→ Work to be completed
Write out the following listing's lines from the one with "Желтый Кот Детская Одежда Интернет Магазин" to the one with "青岛2020金秋大型网络招聘会", exactly, with both included and no others.

→ Input for this task
○ ○ ○ ○ ○ ○ ○
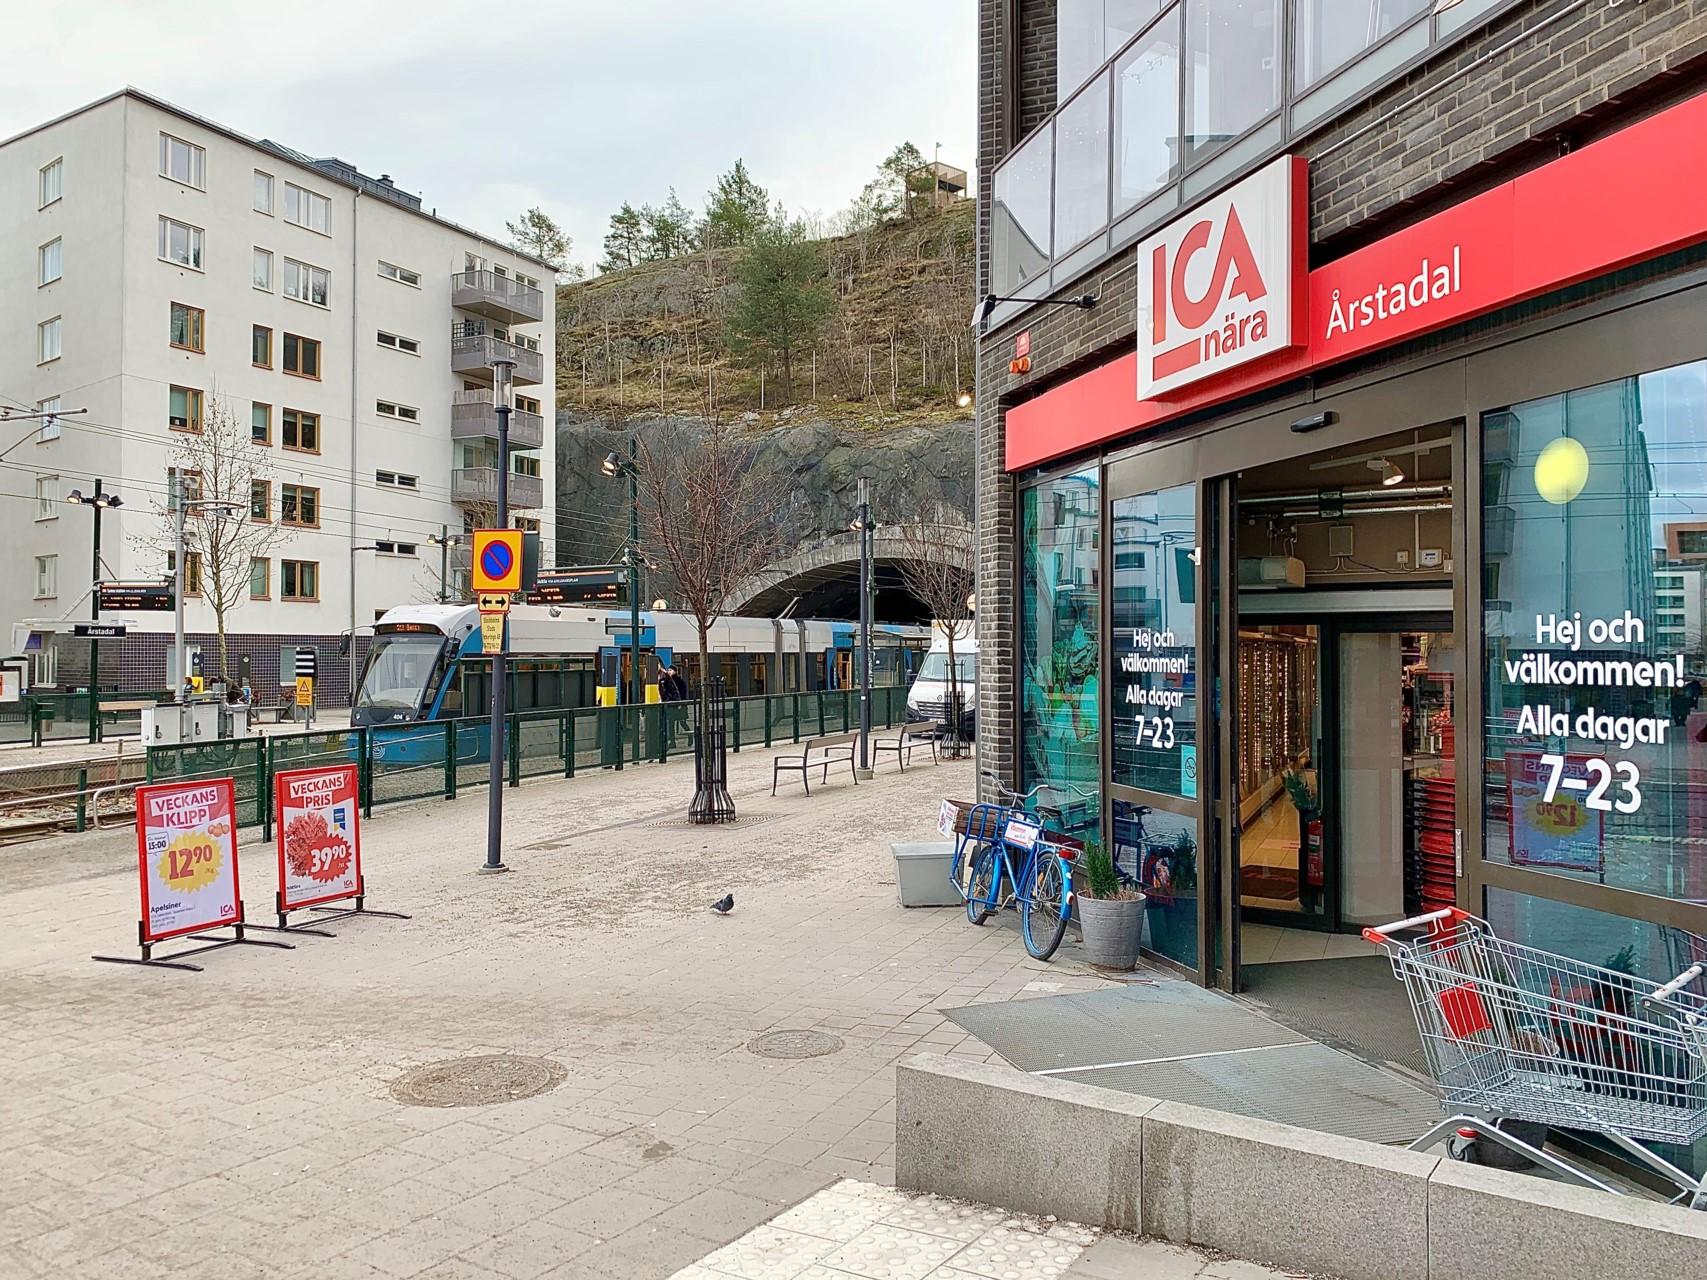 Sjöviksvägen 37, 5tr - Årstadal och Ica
○ ○ ○ ○ ○ ○ ○
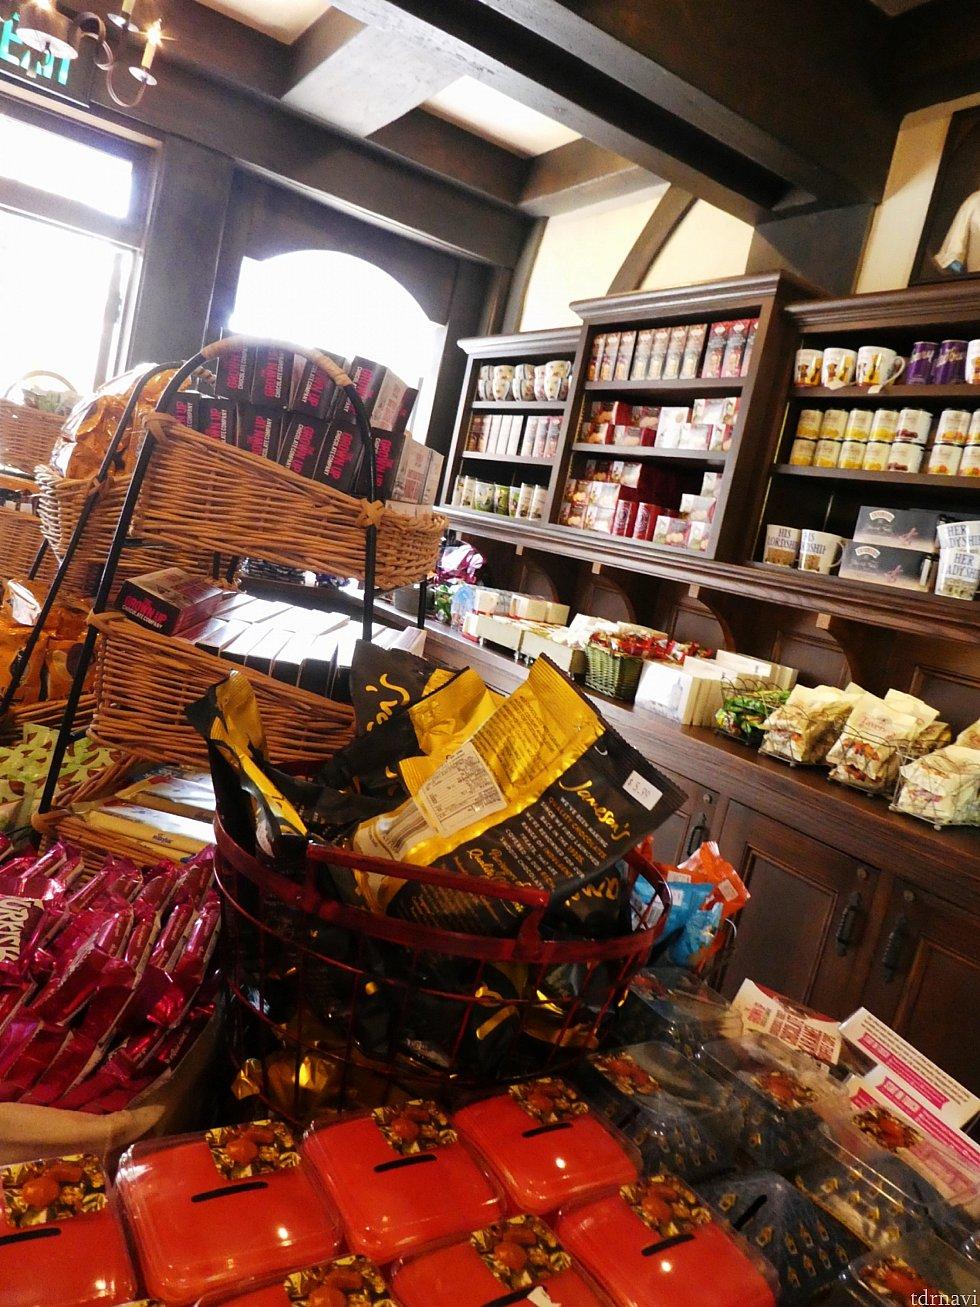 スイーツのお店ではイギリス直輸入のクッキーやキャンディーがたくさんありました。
○ ○ ○ ○ ○ ○ ○
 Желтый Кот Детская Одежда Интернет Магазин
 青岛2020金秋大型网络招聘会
○ ○ ○ ○ ○ ○ ○
→ Result
 Желтый Кот Детская Одежда Интернет Магазин
 青岛2020金秋大型网络招聘会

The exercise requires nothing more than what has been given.